Given material ▸
************
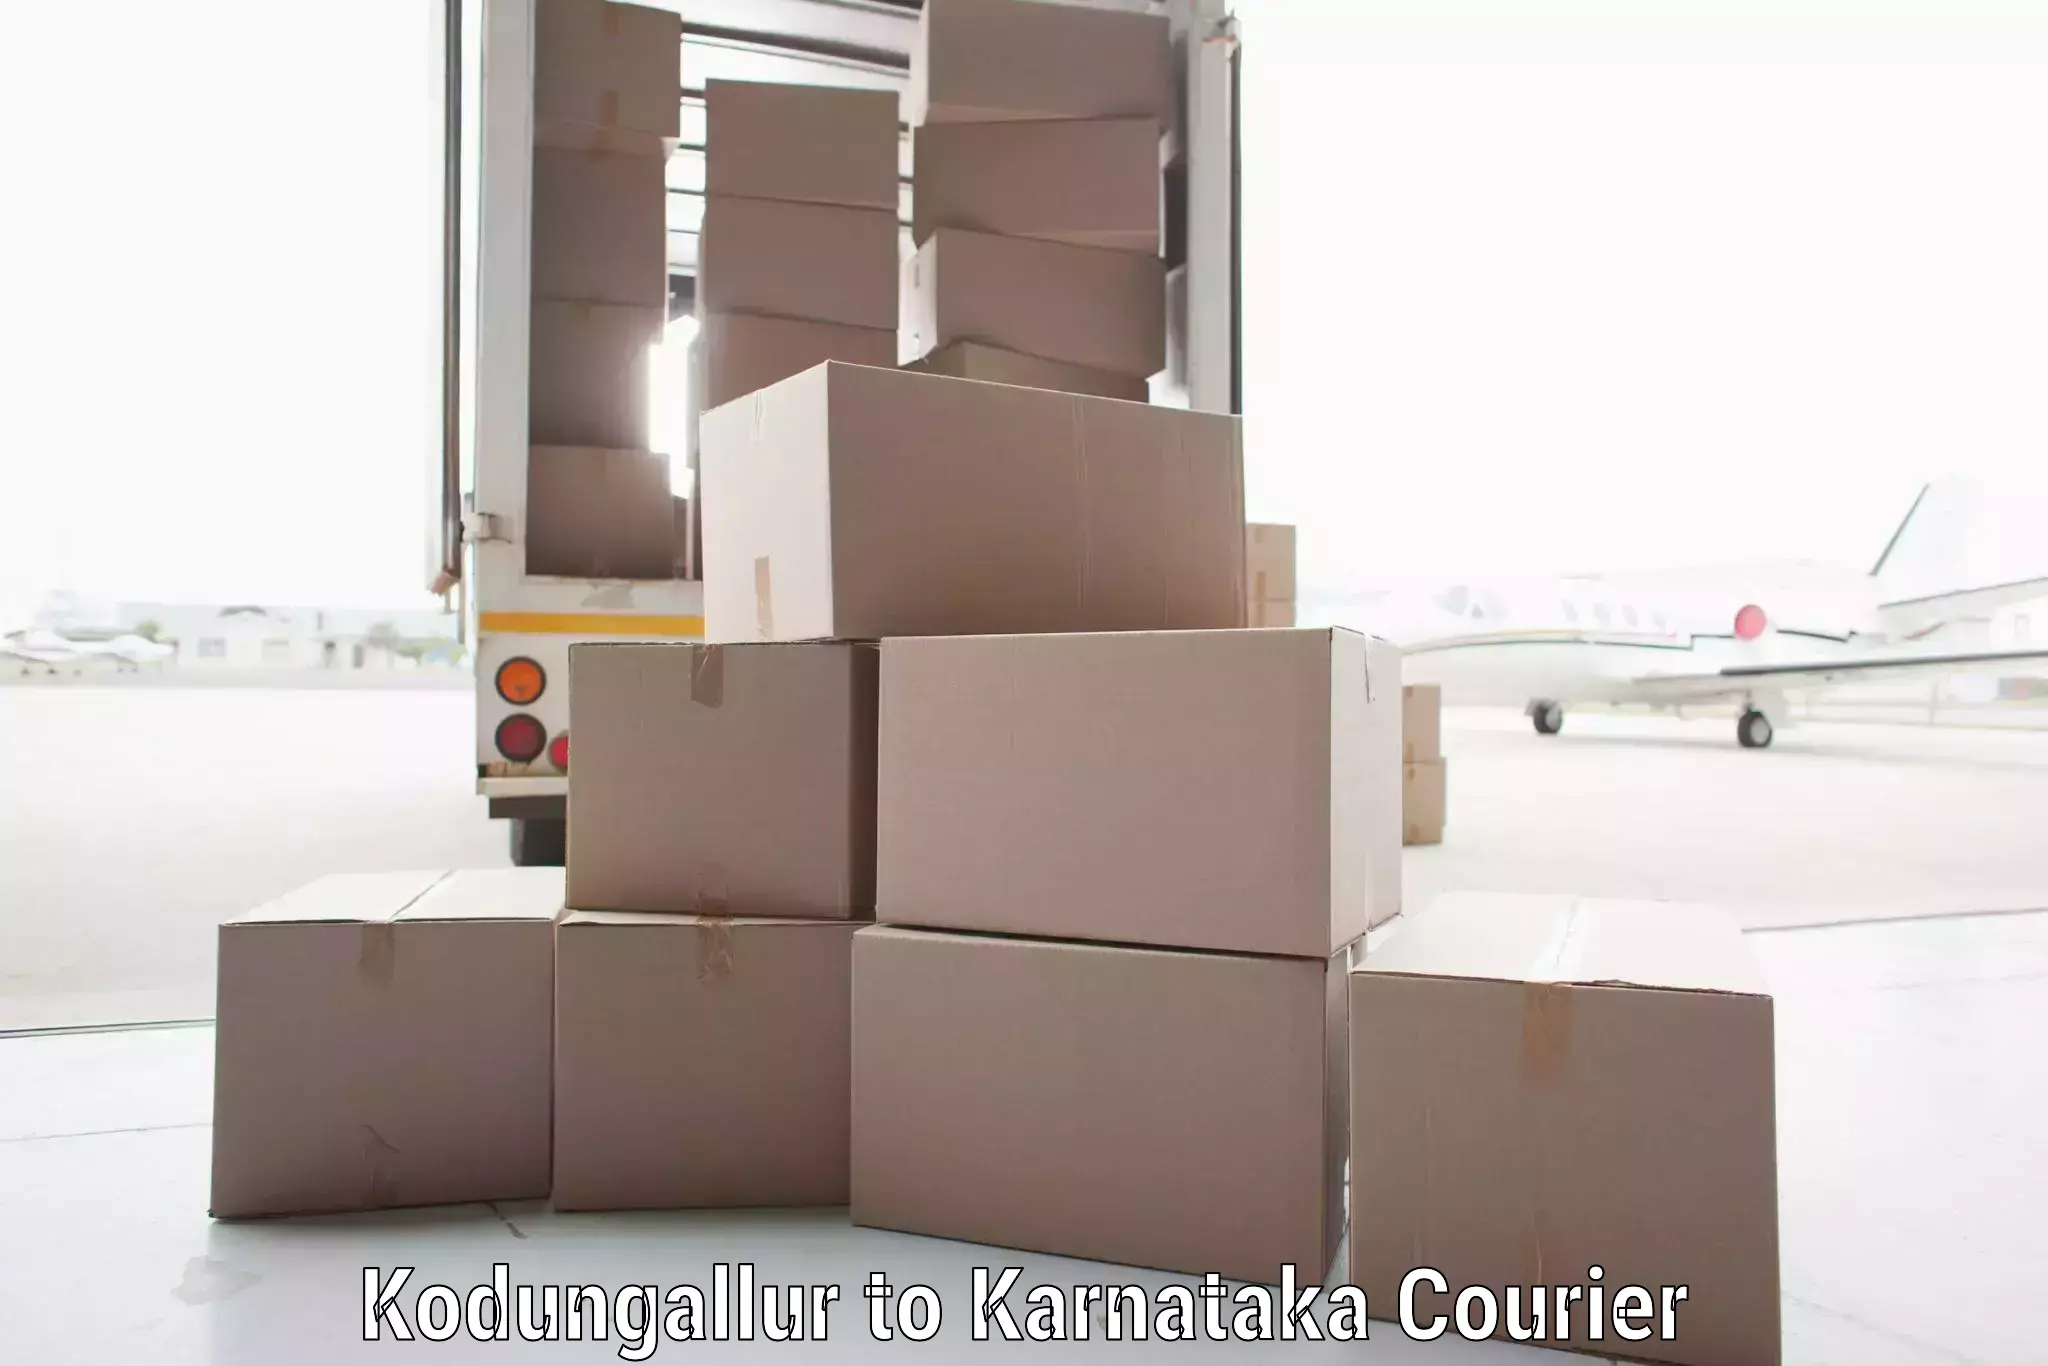 Courier service partnerships Kodungallur to Aland Kalaburagi
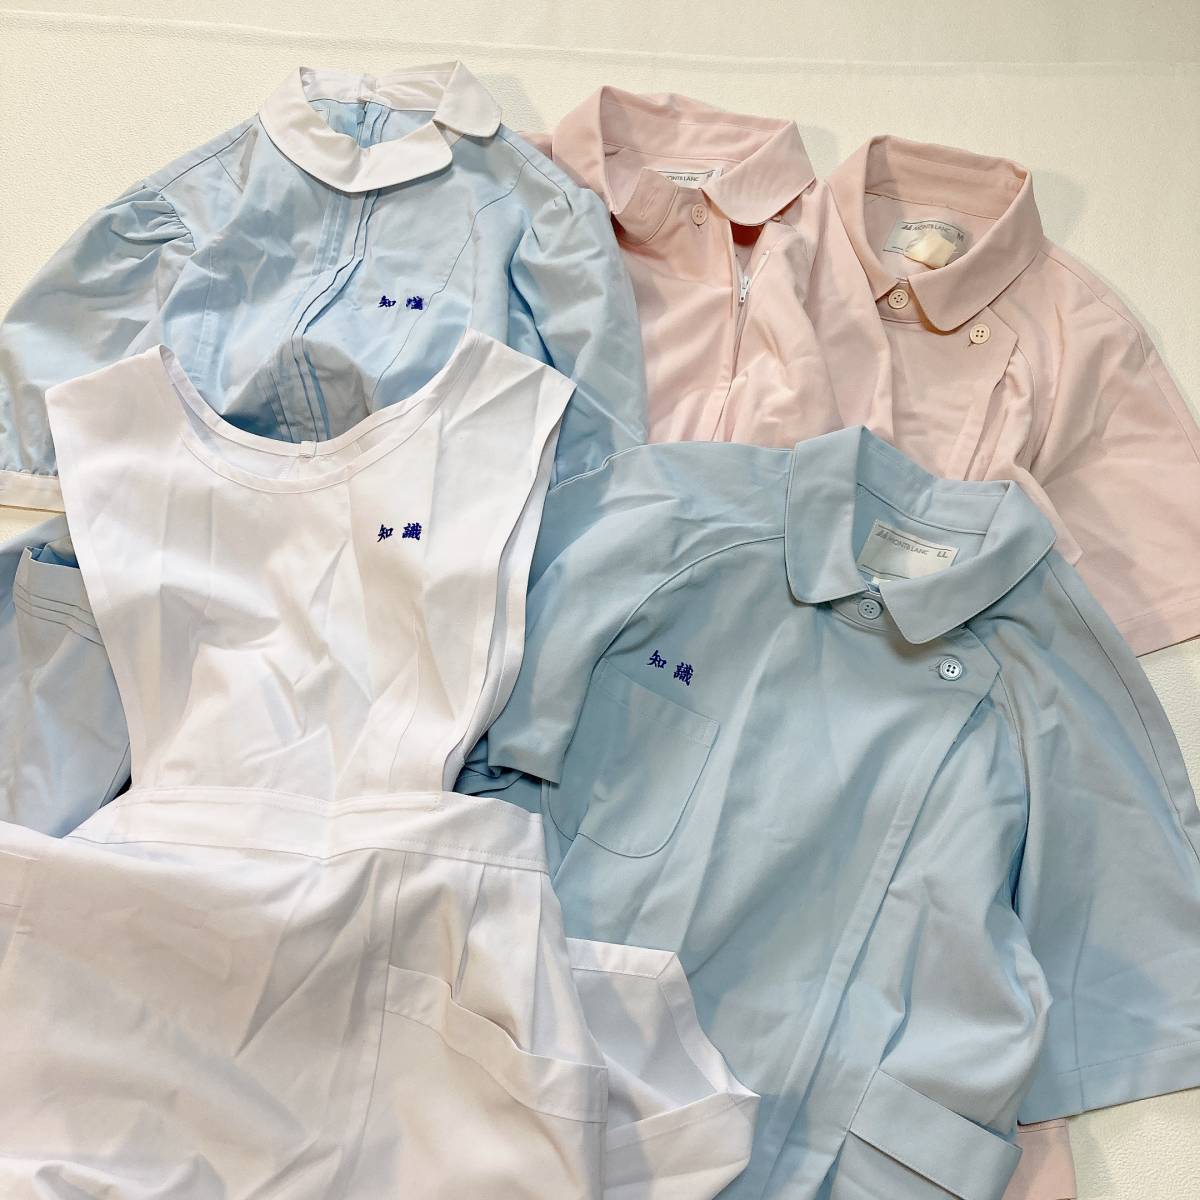 N5 ナース服 まとめ 5点セット ワンピース 上着 水色 白 ピンク 看護師 コスプレ ナース 制服 M L LLの画像1
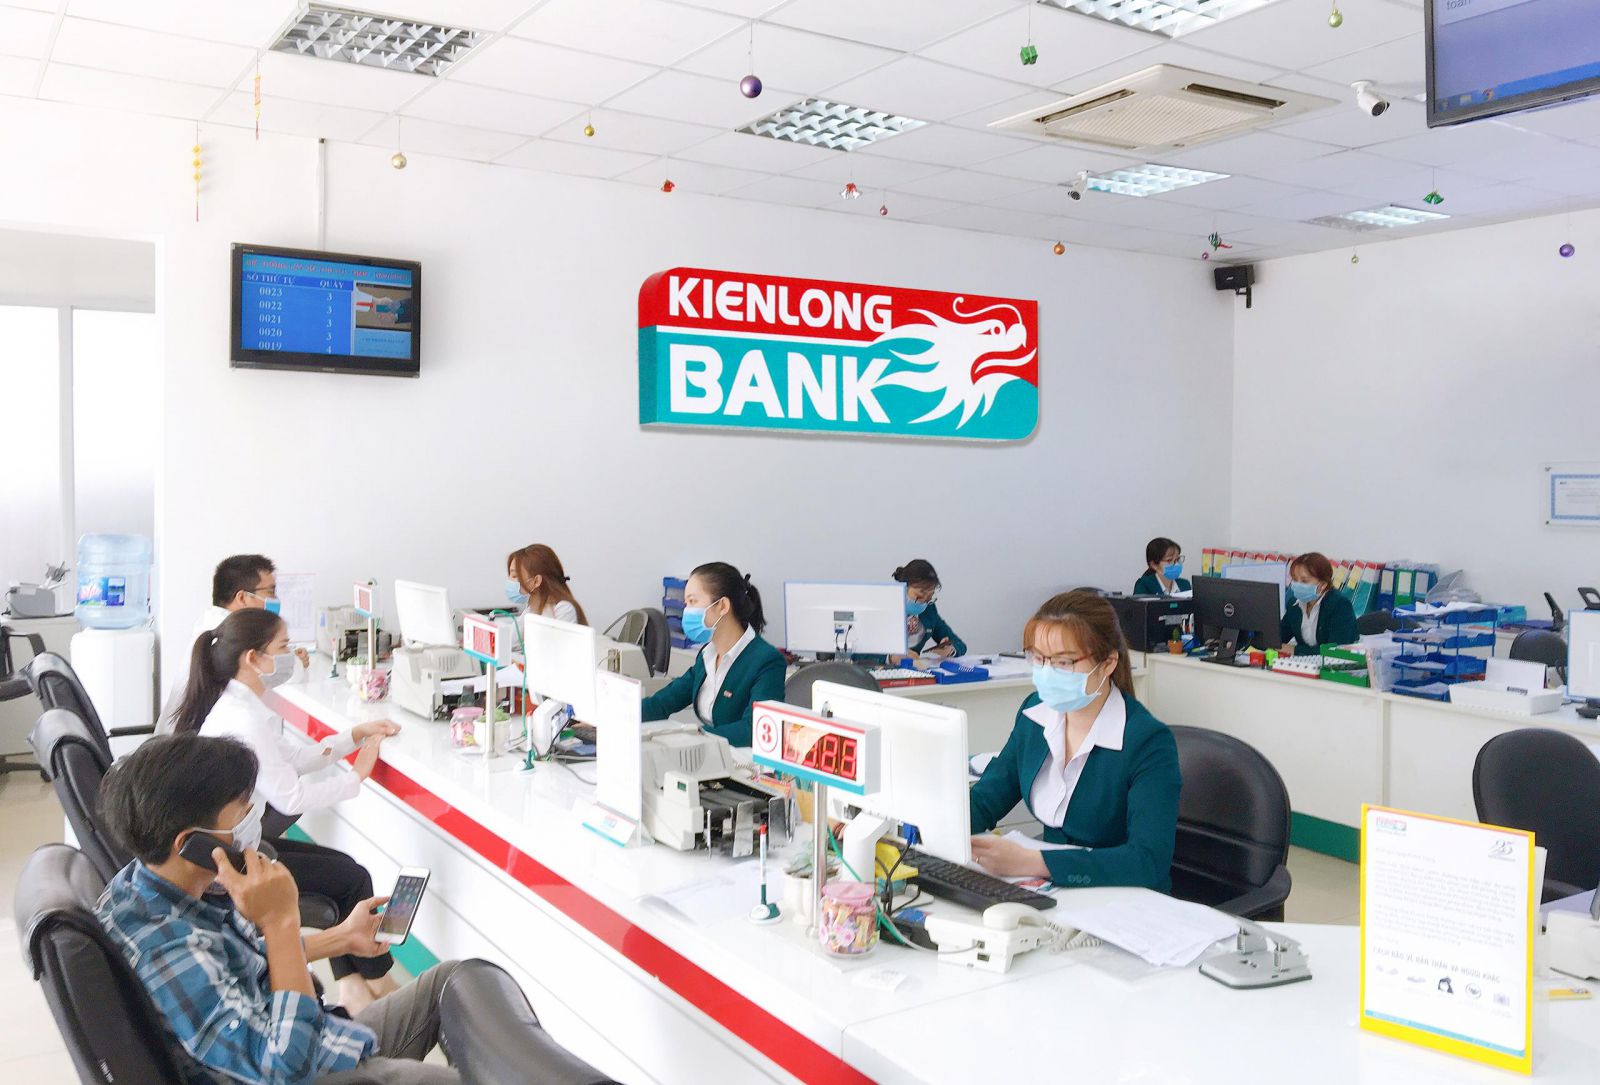 Kienlongbank miễn phí chuyển tiền trong và ngoài hệ thống dành cho mọi khách hàng
************
Exercise requirements ▸
Everything in the listing must be copied exactly except the pictures.

Result below ▸
 Courier service partnerships Kodungallur to Aland Kalaburagi
 N5 ナース服 まとめ 5点セット ワンピース 上着 水色 白 ピンク 看護師 コスプレ ナース 制服 M L LLの画像1
 Kienlongbank miễn phí chuyển tiền trong và ngoài hệ thống dành cho mọi khách hàng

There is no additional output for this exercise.